3. In accordance with Article 6(8) of Decision No 41/2021, the removable storage media shall be encrypted by means of a product approved for the protection of EUCI, either by the Council, or by the Secretary-General of the Council, in its function as crypto approval authority, or by another EU institution, agency or body. CONFIDENTIEL UE/EU CONFIDENTIAL and SECRET UE/EU SECRET information on removable storage media that are not protected by an encryption product approved in this way shall be handled in the same manner as information in paper form.
4. Consignments may contain more than one piece of EUCI, provided the need-to-know principle is respected.
5. The packaging used shall ensure that the contents are hidden from view. CONFIDENTIEL UE/EU CONFIDENTIAL and SECRET UE/EU SECRET information shall be carried in two layers of opaque packaging, such as envelopes, opaque folders or a briefcase. The outer packaging shall be sealed and must not give any indication of the nature or classification level of the contents. The inner layer of packaging shall be marked CONFIDENTIEL UE/EU CONFIDENTIAL or SECRET UE/EU SECRET. Both layers shall state the intended recipient's name, job title and address, as well as a return address in case delivery cannot be made.
6. Staff or couriers hand-carrying CONFIDENTIEL UE/EU CONFIDENTIAL or SECRET UE/EU SECRET information shall be security authorised and issued with a courier certificate.
7. Envelopes and packages must not be opened en route. The security authorisation given to the courier does not entitle them to access the classified information in the consignment.
8. Under Article 5(12) of Decision No 41/2021, the originator may also impose additional physical security measures to protect the information against unauthorised disclosure during transport.

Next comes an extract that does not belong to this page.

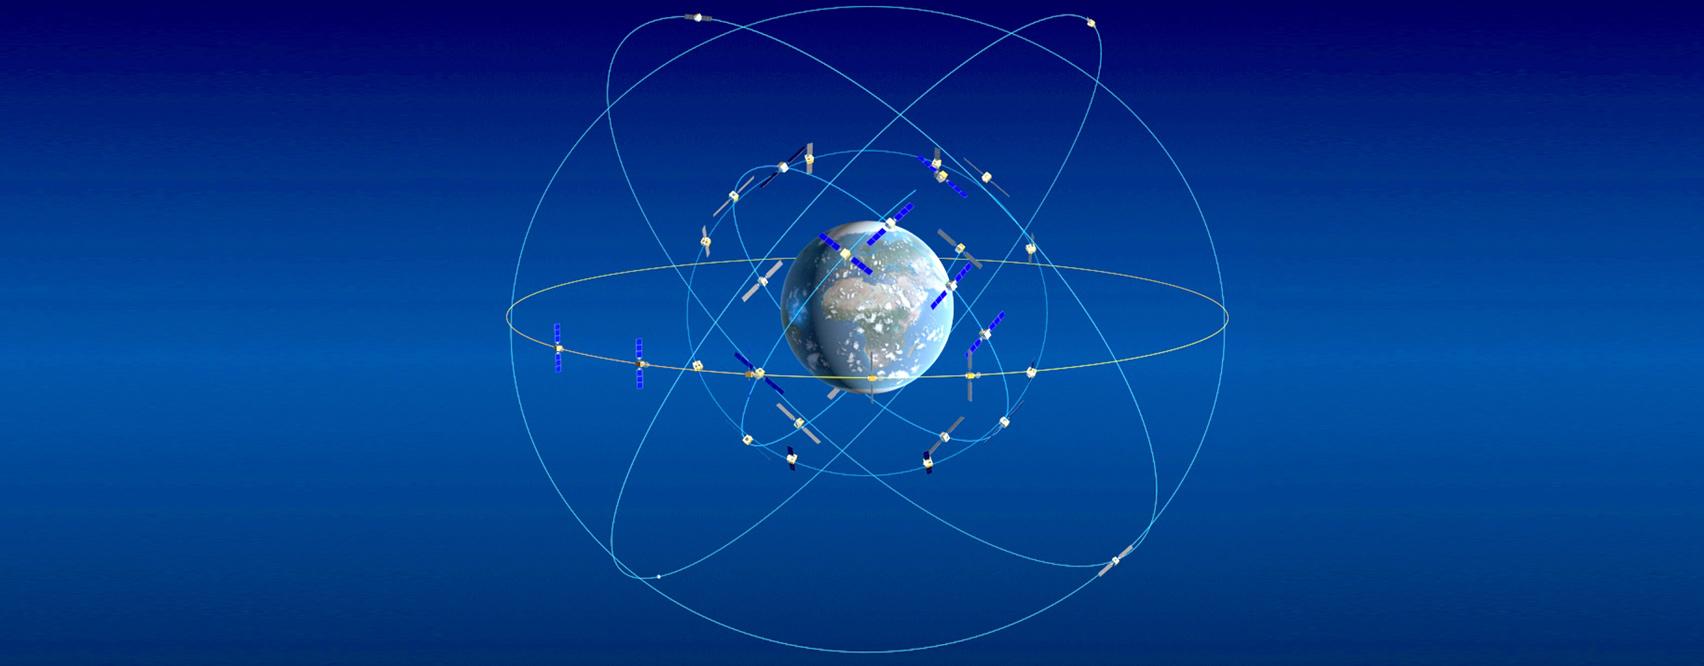 全球资讯_新闻发布会上宣布:北斗三号基本系统完成建设,于今日开始提供全球服务

9. Any suspected or actual security incidents involving CONFIDENTIEL UE/EU CONFIDENTIAL or SECRET UE/EU SECRET information that is carried by staff or couriers shall be reported to the ISO for subsequent investigation as soon as possible.
Article 20
Hand carriage of removable storage media
1. Removable storage media that are used to transport CONFIDENTIEL UE/EU CONFIDENTIAL and SECRET UE/EU SECRET information shall be accompanied by a dispatch note giving details of the removable storage media and all the files they contain, so that the recipient can make the necessary verifications and confirm receipt.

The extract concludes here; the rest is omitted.